Sunday, April 18, 2010

Middle Class

Too many people are claiming the government isn’t helping middle class people like them, when I have no idea what they mean by the term "middle class."

In the early republic, people divided society into three groups - the poor who they thought were failures, the rich who they distrusted as parasites, and the middling like themselves.

When I was growing up, after the Lynds had described Middletown, we had a more nuanced view. If pushed, we would have said middle class meant a set of values about the virtue of hard work and preparing for the future. If we used any one criteria to distinguish between our neighbors, it was their expectations for their children. There were people who weren’t poor who didn’t expect their kids to go to college, and there were the well-to-do, many of them salesmen, whose teenagers were undisciplined - we knew neither was middle class.

By this criteria, Barak Obama and Joe Biden are middle class, while Sarah Palin and John McCain are not.

However, even when I was a child, advertisers were promoting a different definition. Middle class was the possession of certain items like a home and car. Where I was a child in the 1950's, many middle class people still preferred to rent a house rather than take on the debt of a mortgage, but that changed by the 1960's.

Unfortunately, when advertisers define middle class, one never quite achieves the goal. Life becomes an eternal adolescence when one must prove one self by one’s goods.

By this standard, all the candidates for president and vice-president in the last election were middle class, and Palin and McCain were more successful than their rivals.

Statisticians and the economists who interpret their numbers have reduced middle class to set income levels or averages or percentiles. Values don’t matter. A mobster is as middle class as a preacher if he reports the same numbers to the IRS.

Now the economy is in crisis, and people shift from one definition to another.

I read about one family in Memphis that was using the food kitchen where the wife had volunteered before she lost her job as a shift manager at a fast-food outlet.

Only when I read about them, my childhood definitions said, "no, you’re not middle class." Several years before, she and her truck driver husband had gotten so far into debt they declared bankruptcy, and now, here they were again, in trouble.

I sympathized with her reaction when her employer told her they were eliminating her position, but she was welcome to continue doing the same work for half the pay. I would have walked too. But, I wouldn’t have stayed home. I would have gone out and accepted the same job, at the lower wage, from some one else. My pride would have limits when I had a family to feed.

She said her teen-age son had just gotten a part-time job, but they didn’t expect him to contribute to the household expenses. She told the reporter "she'd rather he learn how to manage his own finances."

No, not middle class, even if her husband’s income qualified and they had a car and a mortgage on their house.

They were the reason food stamps were created: they were facing a temporary crises and needed help. However, their definition of helping the middle class meant preventing them from needing the food kitchen. Saving for a potential crisis was never part of their view of the world.

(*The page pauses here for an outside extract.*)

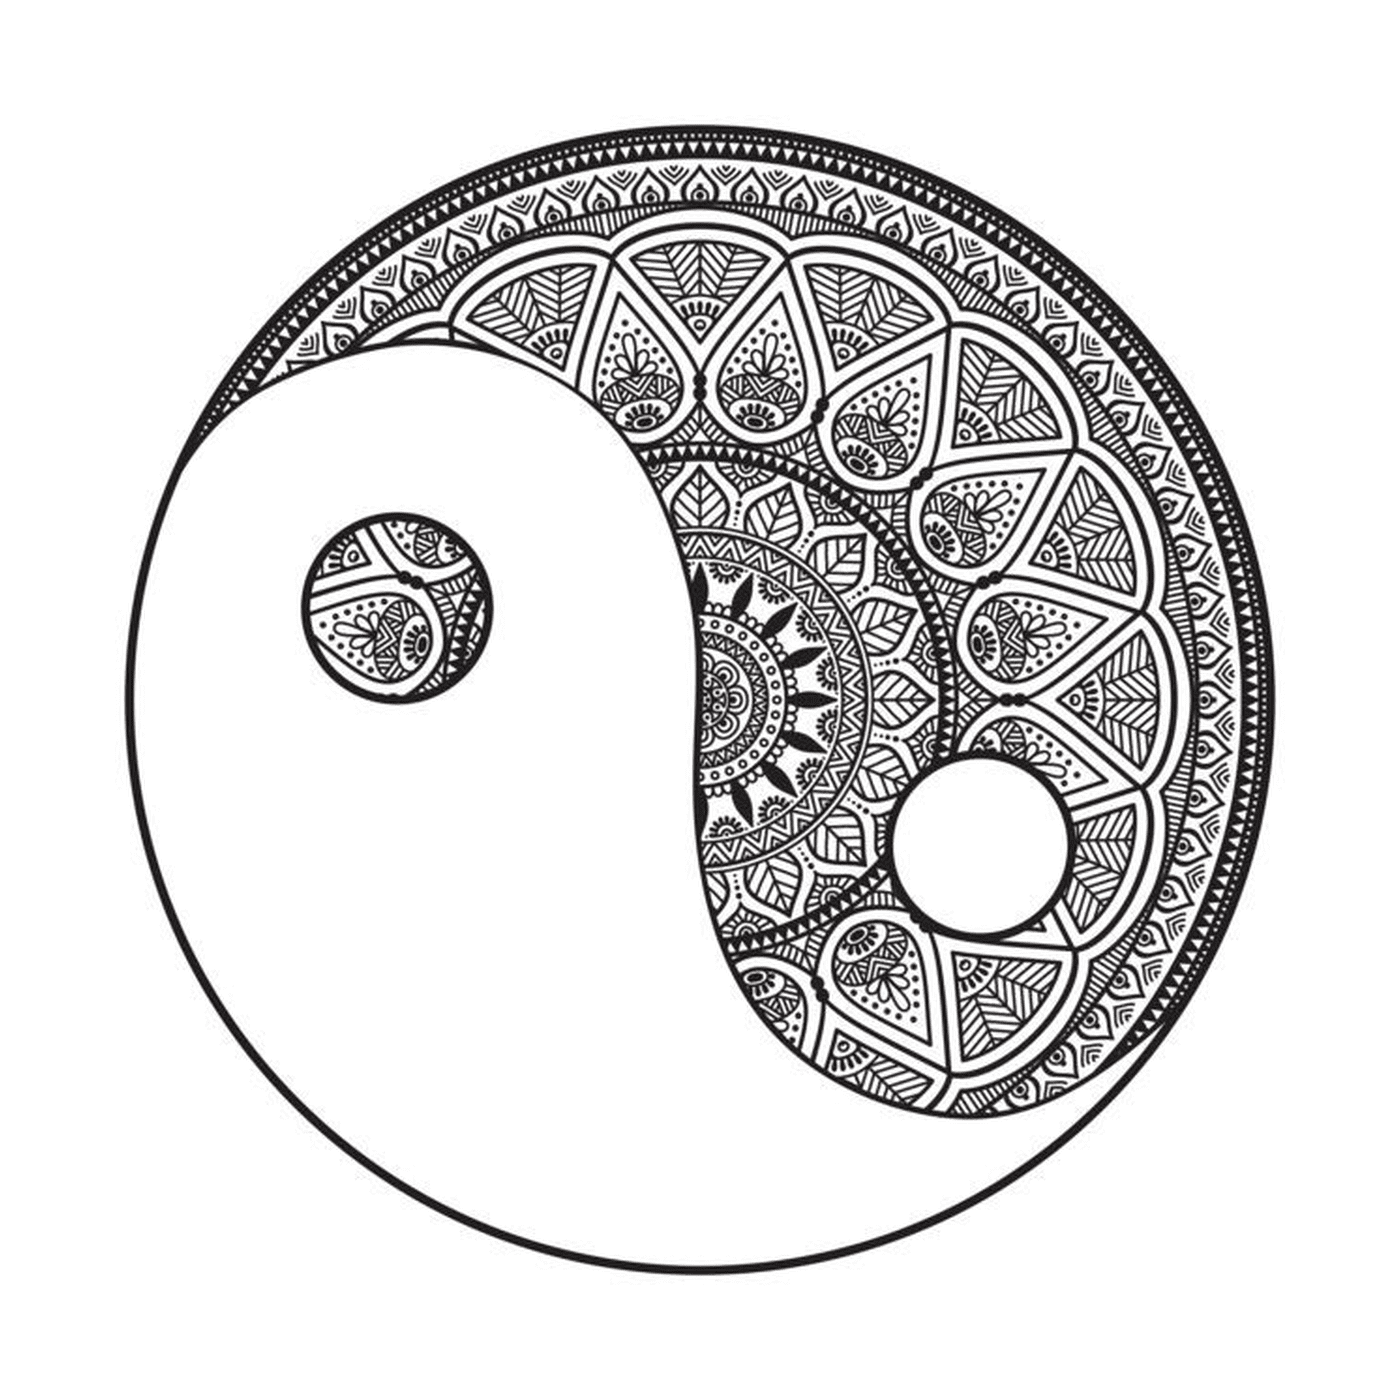   Yin et yang dans un mandala

More recently, The New York Times and CBS News surveyed people who supported the Tea Party Movement and found they were better off than the ones who appeared at rallies. If they’re anything like the ones who send my employer their newsletters, they are the ones who benefited from the Bush tax cuts and the inflated housing and financial markets and now have problems.

They consider themselves middle class, because they haven’t achieved their goals of wealth, and now see them snatched away. When I was a child, we would have put them in that hazy group of the well-to-do who lived too recklessly, the ones who attracted Jay Gatsby.

The de-inflation of housing and stock values, no matter how slow, is still a loss. People don’t care that the decline is being managed by the government to prevent wide-scale disaster. They only know, they personally are losing status, and the government isn’t preventing that.

It can’t. Managed loss and crisis intervention are what the government can offer right now, and neither can soften the psychological effects for people who strayed from my childhood view of middle class from losing their image of themselves as making it.

When the definition of middle class becomes "not as well off as I want to be," then no one is ever satisfied unless government leaders, like Alan Greenspan, provide an illusion. When the economy crashes, our leaders have to deal in the realities that destroy illusions.

But those who live in the material view of middle class still have adolescent demands for immediate satisfaction, not utilitarian help.

They don’t want to hear that facing the consequences of decades of industrial policy that eliminated working class jobs in this country is a different problem, with a solution that requires policies and political will that will take time to take effect.

They want it now, and if it can’t happen, then the government isn’t doing enough to help them, the middle class.

Notes:
Bengali, Shashank. "Amid Recession, Memphis Becomes America's Hunger Capital," McClatchy Newspapers, 26 March 2010.

Zernike, Kate and Megan Thee-Brenan. "Poll Finds Tea Party Backers Wealthier and More Educated," The New York Times 14 April 2010.